There is nothing here but a promise. Back in the day we called this "vaporware".
I don't think it's vaporware but the blog post with all these big claims like 1000 more powerful than BERT (based on our arbitrary cherry picked metric) makes one cringe.

Here's my guess: Some team under web search trained a large Transformer based model but with some adjustment here but now on a massive dataset from the crawled web pages using tons of TPUs. It made an incremental improvement to the search quality metrics and was shipped to production.

We sort of already know that these models scale in such a way that a model with 1000 times the parameters is, indeed, 1000 times more powerful. We haven't found a ceiling effect yet, so the onus is on the skeptics. These things scale.
According to the scaling laws it scales on a log scale.
It's Schrodinger's vaporware. We'll find out some years from now. In Perl 6's case, what, 12 years after the announcement?
Except this is Google not some startup.
Vaporware also happens with established companies.
Like IBM's Watson after Jeopardy.
What vaporware has come out of Google Brain? In fact, they've been publishing ground-breaking research after ground-breaking research that's completely changed the entire field in recent years.
After seeing Alpha* solve Go, Chess, and protein folding in the past ~3 years, I think it would be pretty silly for your prior to be discounting any Google AI project as vaporware.

Their models accomplish ridiculously powerful things.
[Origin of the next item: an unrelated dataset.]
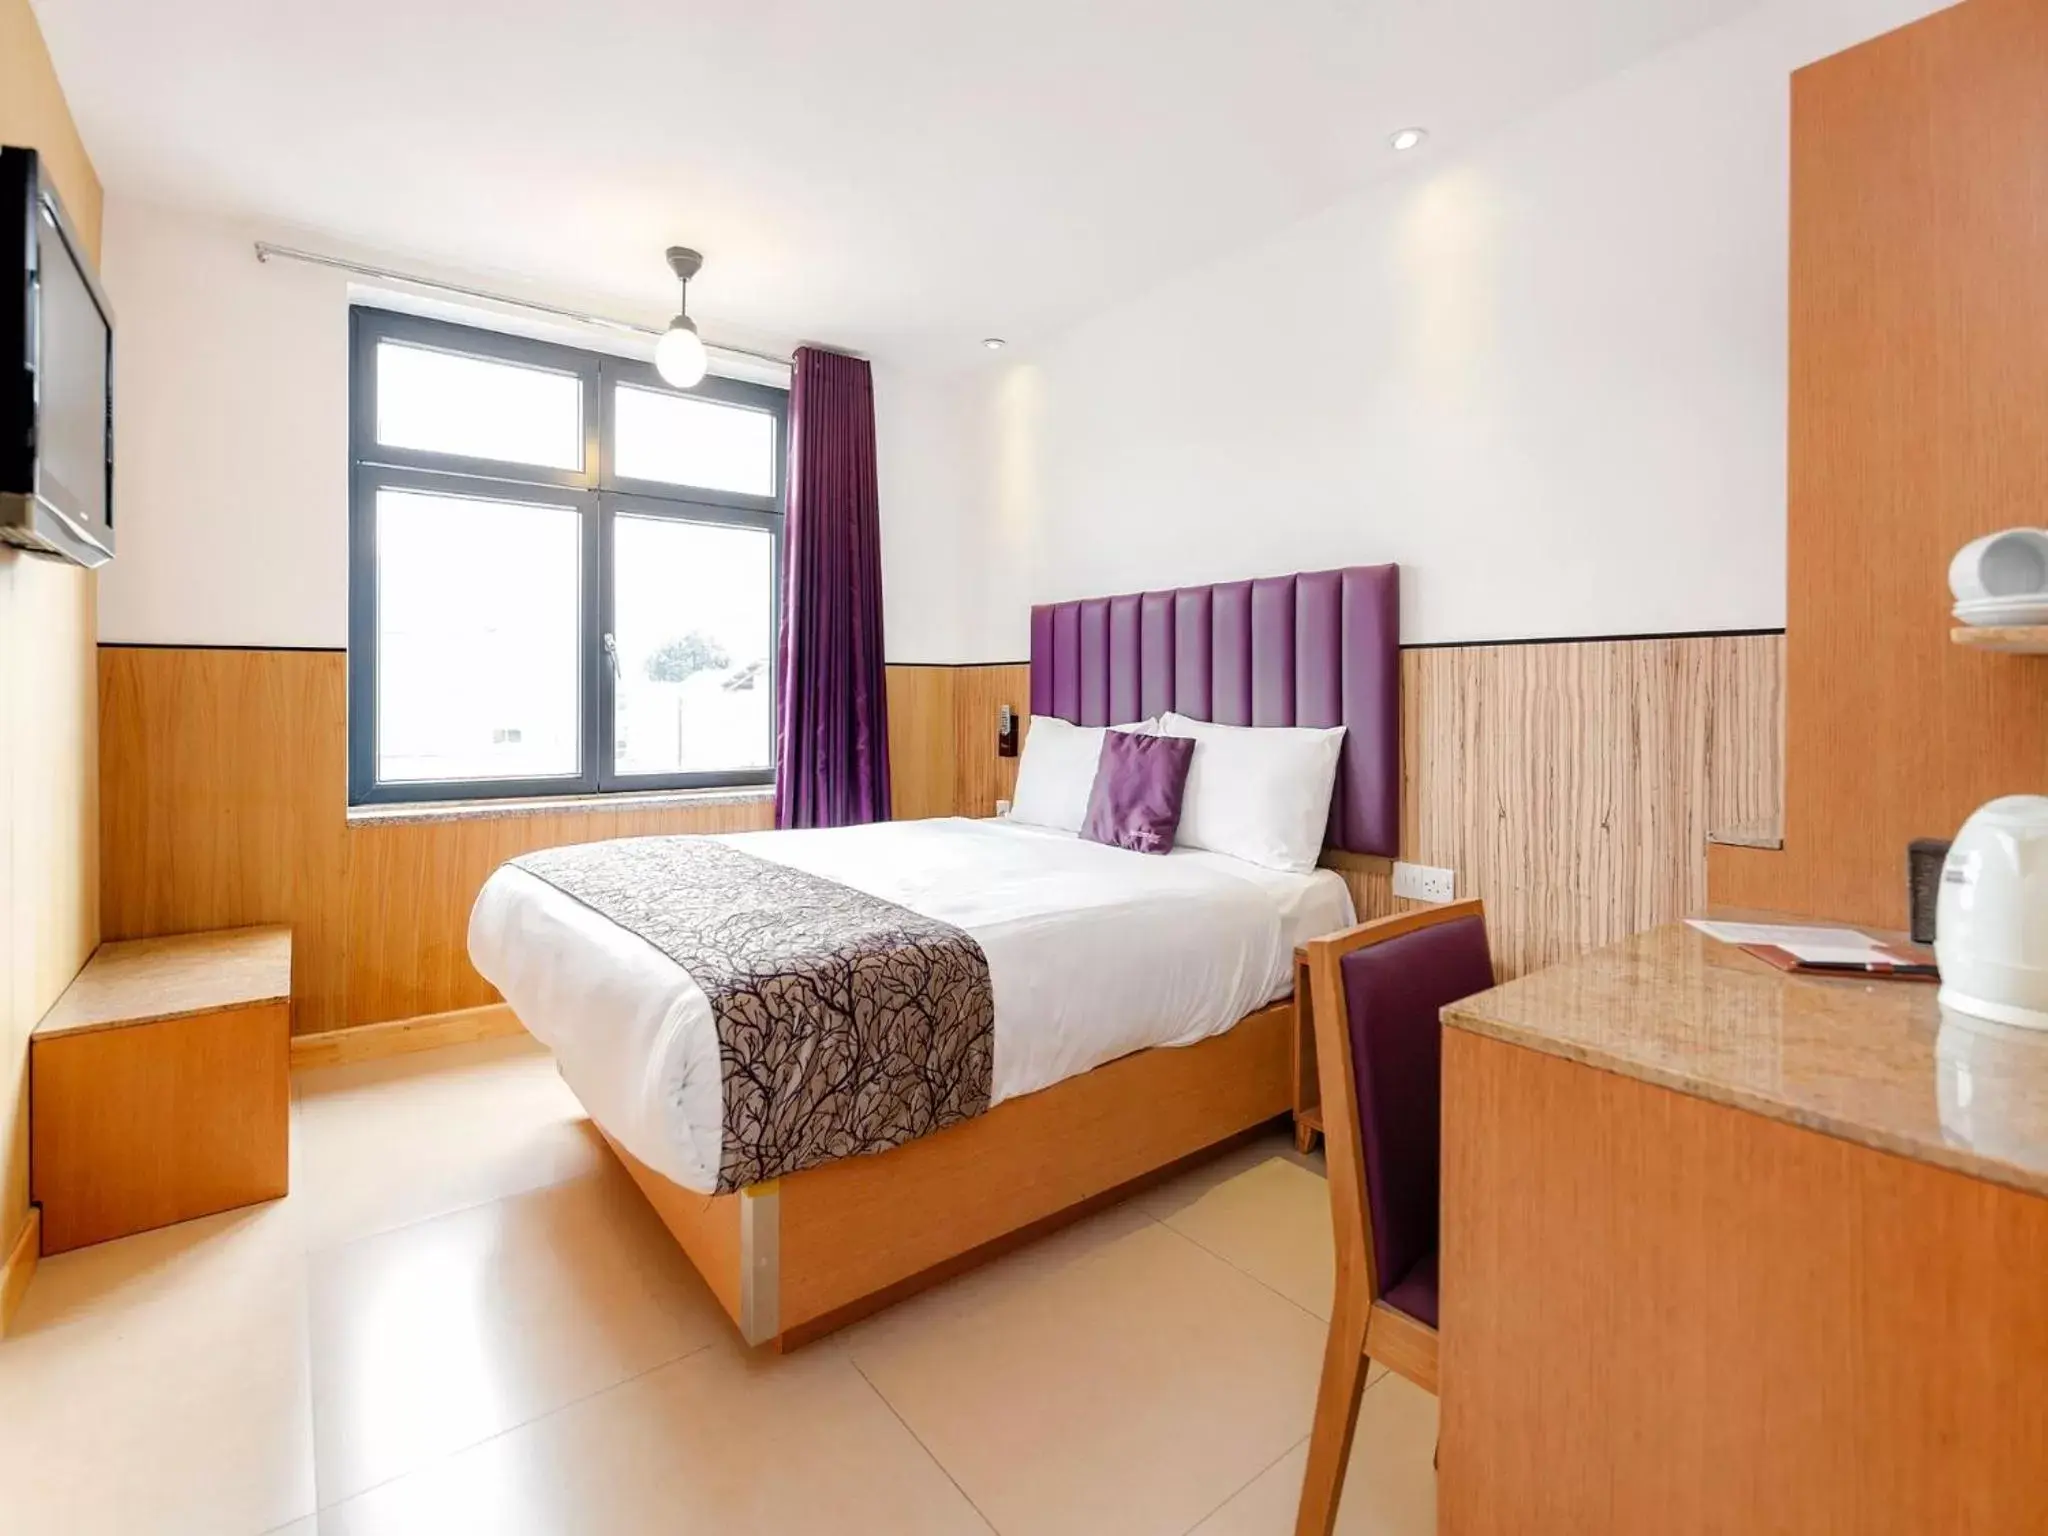 Bed, Room Photo in Eurotraveller Hotel - Premier - Tower Bridge

Tbh I think it's far _more_ likely the answer is "this is crazy powerful, but the engineers didn't feel like writing a blog post about it, and the marketing team hasn't figured out how to monetize it yet".

If there's anything SoTA AI researchers love and have experience doing it's writing blog posts and papers explaining how.
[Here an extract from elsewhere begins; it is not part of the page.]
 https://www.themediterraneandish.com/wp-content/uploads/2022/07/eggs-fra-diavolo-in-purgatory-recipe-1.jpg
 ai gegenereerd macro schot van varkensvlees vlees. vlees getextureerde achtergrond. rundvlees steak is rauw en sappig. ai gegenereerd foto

The lack of details makes me think they're either hiding a new technique they'd rather keep secret because it provides a competitive advantage, or that it's really only a marginal improvement over existing NLP models (or an ensemble of them with nearly no improvement on any given metric) and the 1000x improvement is on a metric that no actual ML scientist would respect.

I don't have the slightest bit of information about Google's AI team to know if those are the only two options and if so which is more likely.
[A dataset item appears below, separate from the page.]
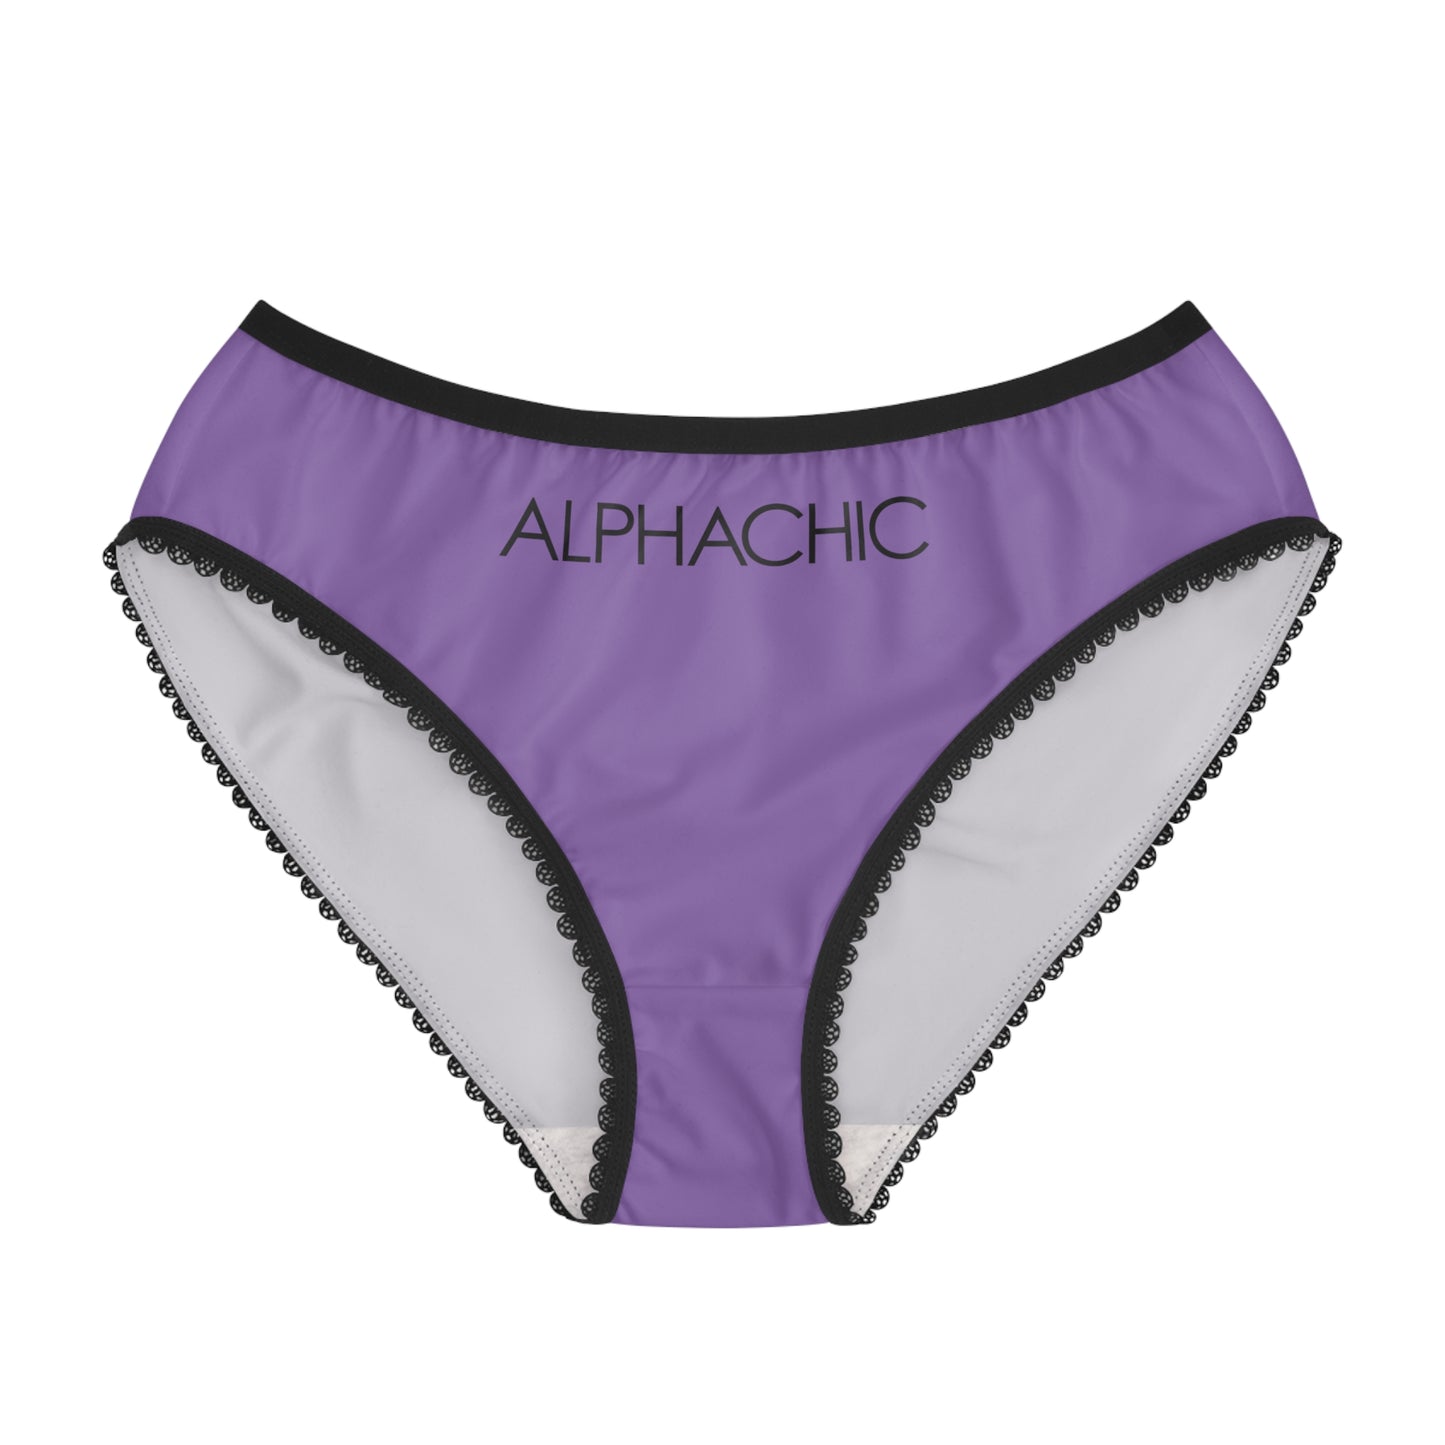 AlphaChic Briefs - Light Purple

It's not a secret at all. Transformer models scale. Big models are powerful. Everyone knows this. Google can afford to train very big models. It's not a new technique. I think the issue here is that people are uncomfortable with the idea of AI models displaying scale relativity.
Big model also means lots of data, including lots of unfiltered garbage used in training. Nobody can manually review so much data, all they can do is automated filtering at this scale. So this means the model has a large attack surface and it is going to be used to do something bad and shame itself when put together with critics determined to find those gaps.

We have seen in the last few months attacks on Google Translate, GPT-3 and other language models from the PC crowd, including the famous AI Ethics firings. It's just tricky to show it in this climate.

The PC crowd don't believe language is fair and concepts neutral, instead saying they are an expression of systems of power. So language models are a natural target for them because they could amplify biases against their identity groups.

I find this critique hasty especially because big language models are nascent technology. We shouldn't throw away the baby with the bath water!

The PC crowd is right. Language encodes our cultural beliefs, and many of them are pretty rotten. But how do you update a culture's shared set of beliefs? Banning words is a symbolic exercise. What we tend to do instead is that we tell stories and share perspectives. We learn to empathize.

Figuring out how to feed language models with diverse sources of information is a tough challenge, but not impossible. I share Gebru's concern about "stochastic parrots".

I think showing the model would immediately trigger the critics to nitpick it like the famous "He is a doctor. She is a nurse." case, so they just don't show it until they figure out a way to avoid that. Moreover, language models are easy to trick into politically incorrect conversations and porn. AI Dungeon's GPT-3 was writing lots of porn, for example.